Individual analysis of CD19, CD28 and CD117 expression in relation to disease characteristics of MM patients showed no significant association. On the other hand, CD19+ as well as CD28+ expressions showed poor prognostic impact on MM patients’ OS but had no impact on their clinical outcome. However, CD117 expression had no prognostic impact on neither OS nor clinical outcome of the studied MM patients.
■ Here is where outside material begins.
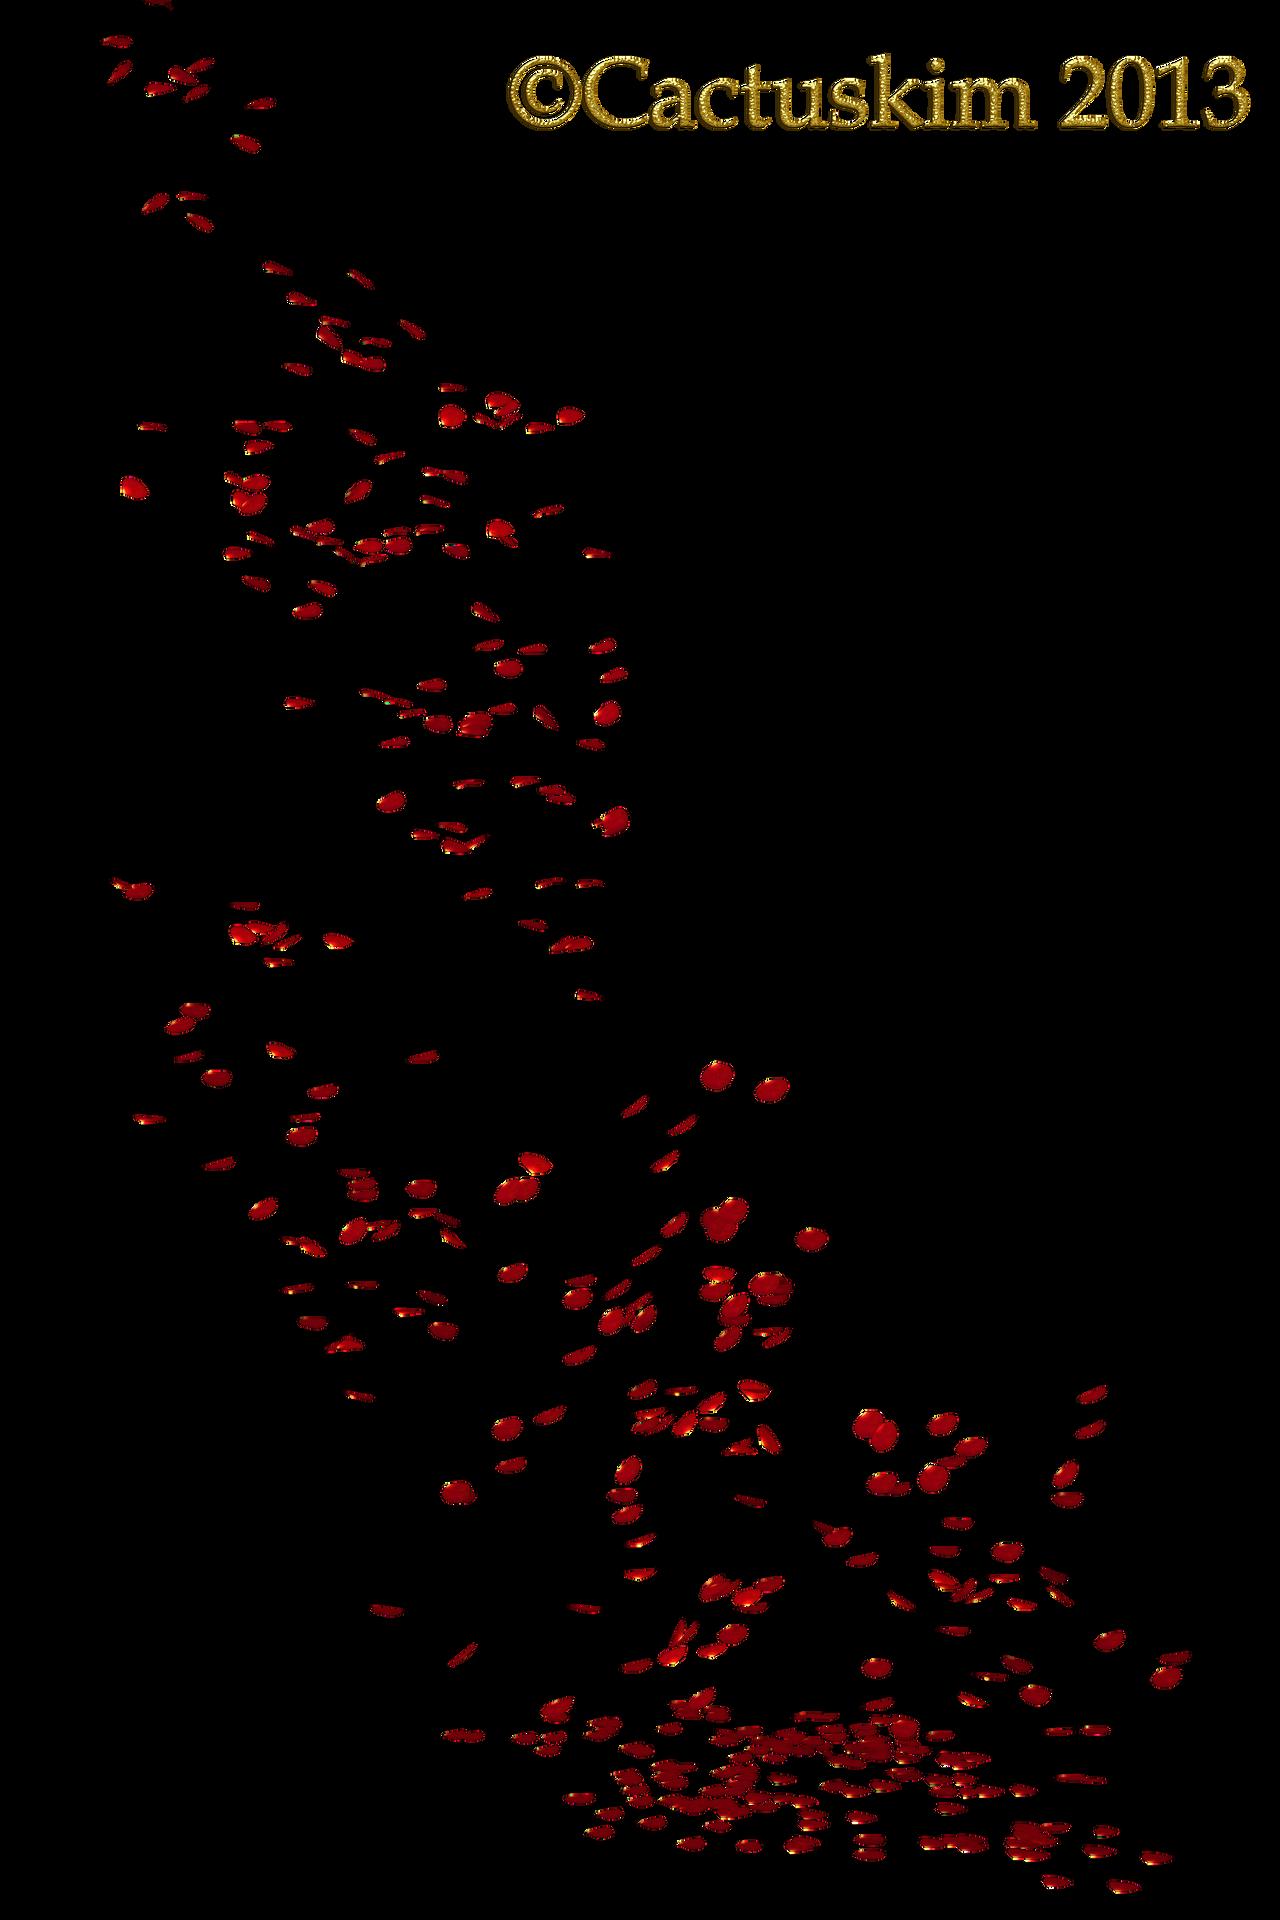 Falling Petals KL

The simultaneous study of CD28/117 expression revealed four patterns of expression; double positive (CD28+/117+), double negative (CD28-/117-), CD28+/117- and CD28-/117+. These patterns had no significant association with MM patients’ disease characteristics. However, CD28-/117- expression seems to have a good prognostic impact as regards OS. In addition, CD28+/117- pattern of expression showed poor prognostic impact regarding both OS and clinical outcome. However, the other patterns of expression; CD28-/117+ and CD28+/117+, had no impact on neither MM patients’ OS nor their clinical outcome.
Del13q14 had a significant association with serum M protein level. However, it did not show any significant association with the other disease characteristics of the studied MM cases. Moreover, it showed a non significant impact on neither their OS nor clinical outcome.
Other factors including demographic and laboratory data of the MM patients were also studied for their prognostic impact regarding OS and clinical outcome. It was shown that only the increasing age of the studied MM patients had a highly significant poor prognostic impact on their OS but not on their clinical outcome. The remaining data showed no significant prognostic impact on neither their OS nor clinical outcome.
In conclusion, these findings suggest that antigenic expression of PCs, particularly the CD28+/CD117-immunophenotype as well as positive expression of CD19 and CD28, may contribute to identify MM patients with high risk of progression and shorter survival. Whereas the study of del13q14 by FISH has no sole value in the prediction of MM patients’ survival or clinical outcome.